In 2007, Aaron Gewirtz ("Gewirtz") called Judge on UETA's behalf to find a manufacturer to make private-label cigarettes for UETA to sell. See [D.E. 91-2] ¶ 15; Ex. 40 [D.E. 91-31] 11-12; Ex. 39 [D.E. 91-30] ¶ 20; Judge Dep. [D.E. 91-68] 11, 13. Judge contacted Stephen Daniel ("Daniel"), the Executive Vice President of U.S. Flue-Cured in 2007, about the business opportunity. However, Judge did not disclose that UETA would be the ultimate distributor. See [D.E. 97-2] ¶ 16; Daniel Dep. [D.E. 91-72] 11-12. Daniel responded positively to Judge because collecting payment from Optima Tobacco would be less risky than attempting to collect payment directly from a foreign distributor, like UETA. See Daniel Dep. p.E. 91-72] 11-13.

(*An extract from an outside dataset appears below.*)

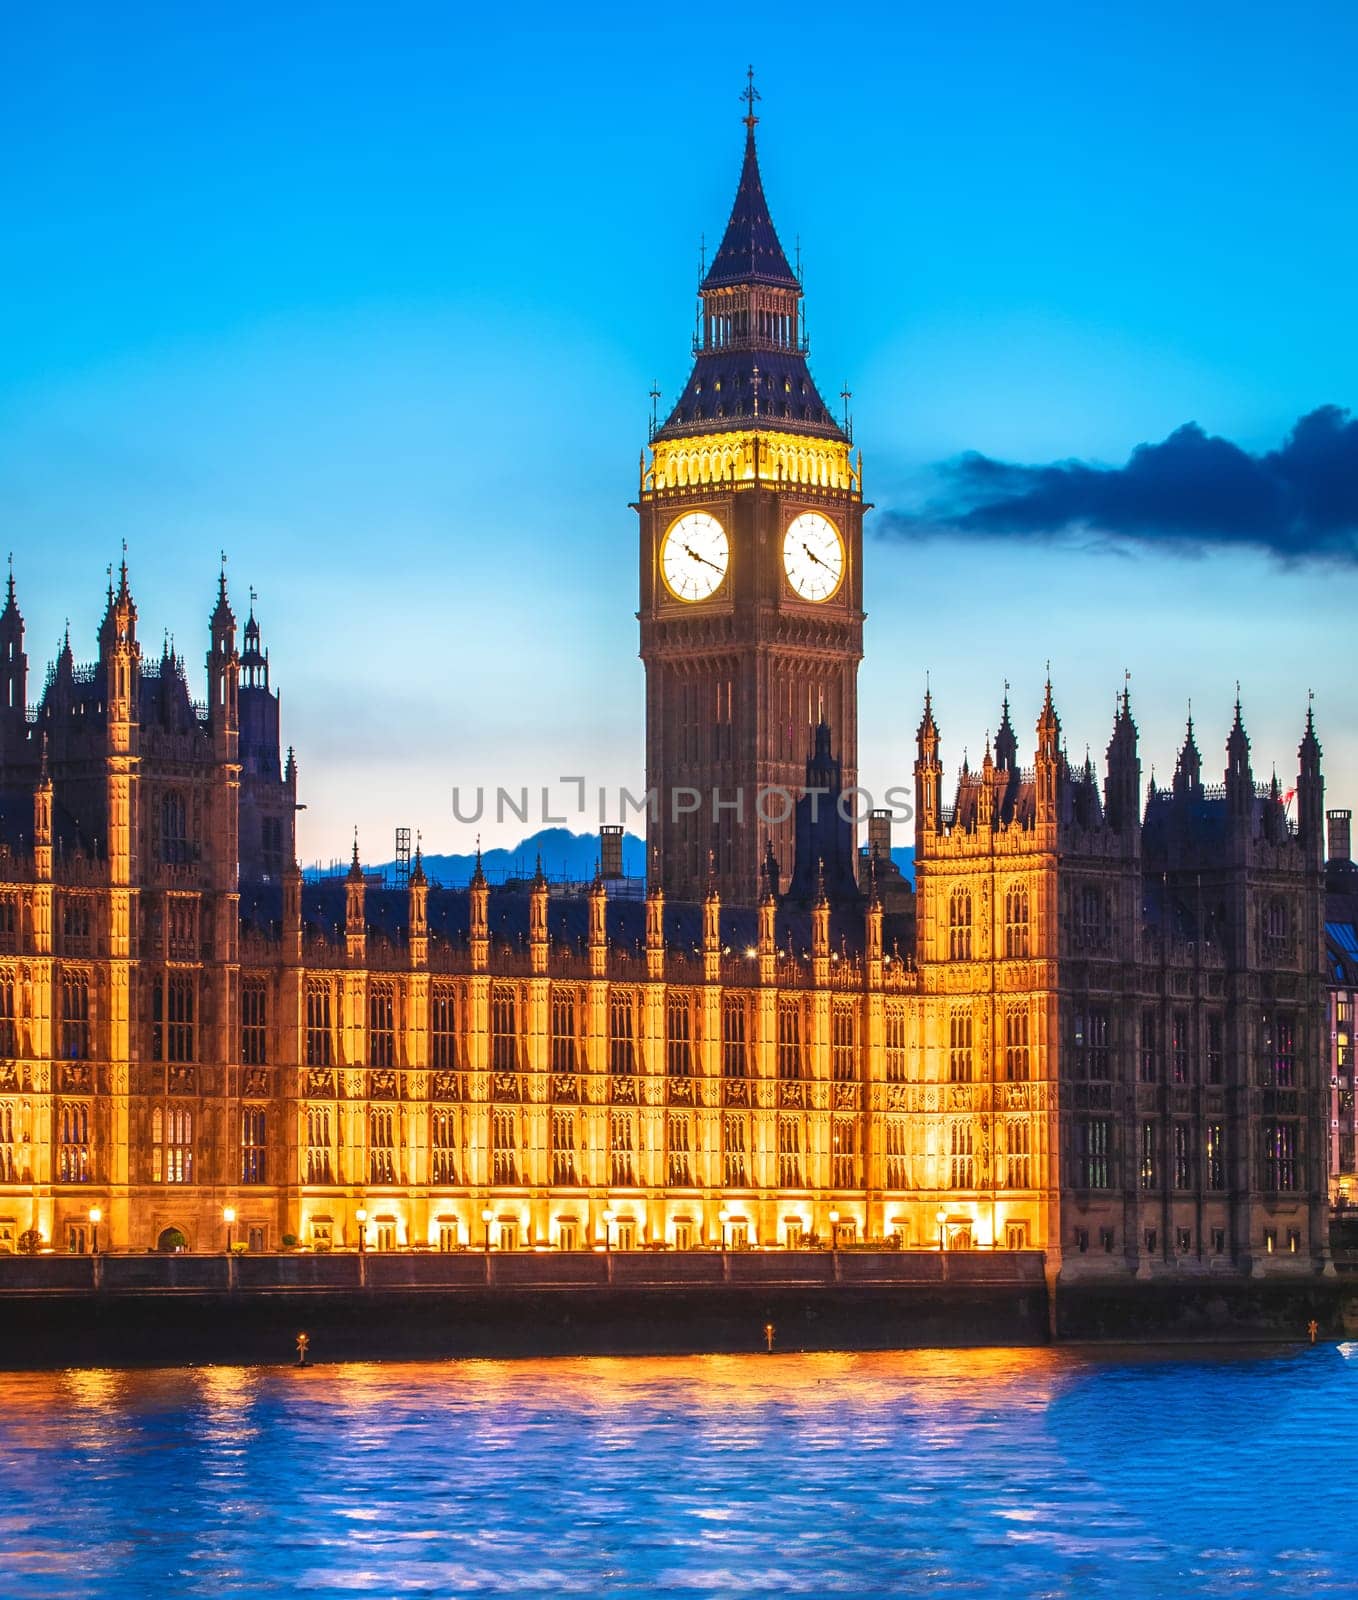 Big Ben clock tower in London sundown view from Thames river, capital of UK famous landmark

Two oral contracts resulted. See [D.E. 91-2] ¶ 17. UETA orally agreed to order private-label cigarettes from Optima Tobacco. See id.; Judge Dep. [D.E. 91-68] 17. Once UETA had placed an order with Optima Tobacco, Optima Tobacco would send a manufacturing order to U.S. Flue-Cured. See [D.E. 91-2] ¶ 17. U.S. Flue-Cured would manufacture the cigarettes and sell them to Optima Tobacco, which would then resell the cigarettes to UETA. See id. Although Optima Tobacco initially handled shipping, UETA soon handled all shipping itself. See id.; Judge Dep. [D.E. 91-68] 24. Optima Tobacco paid U.S. Flue-Cured $1.85 per carton and paid Gewirtz $0.06 per carton as a commission. See [D.E. 91-2] ¶ 19. UETA paid Optima Tobacco $2.16 per carton. See id. Moreover, UETA paid Optima Tobacco before Optima Tobacco paid U.S. Flue-Cured. See [D.E. 97-2] ¶ 24.

From 2007 to 2012, Optima Tobacco grossed approximately $0.25 per carton under the oral contracts. Cf. [D.E. 91-2] ¶ 19. Optima Tobacco occasionally negotiated price increases from UETA so that it could pay U.S. Flue-Cured more while maintaining its margin. See id.; Judge Dep. [D.E. 91-68] 25-26. However, neither UETA nor U.S. Flue-Cured knew how much profit Optima Tobacco was earning, and UETA and U.S. Flue Cured did not deal with each other directly. See[D.E. 91-2] ¶ 20; Ex. 40 [D.E. 91-31] 11-12. During this time-period, the twin oral contracts were terminable at will. See [D.E. 91-2] ¶ 22; [D.E. 97-2] ¶ 22; Ex. 40 [D.E. 91-31] 22; Judge Dep. [D.E. 91-68] 26; Daniel Dep. [D.E. 91-72] 15.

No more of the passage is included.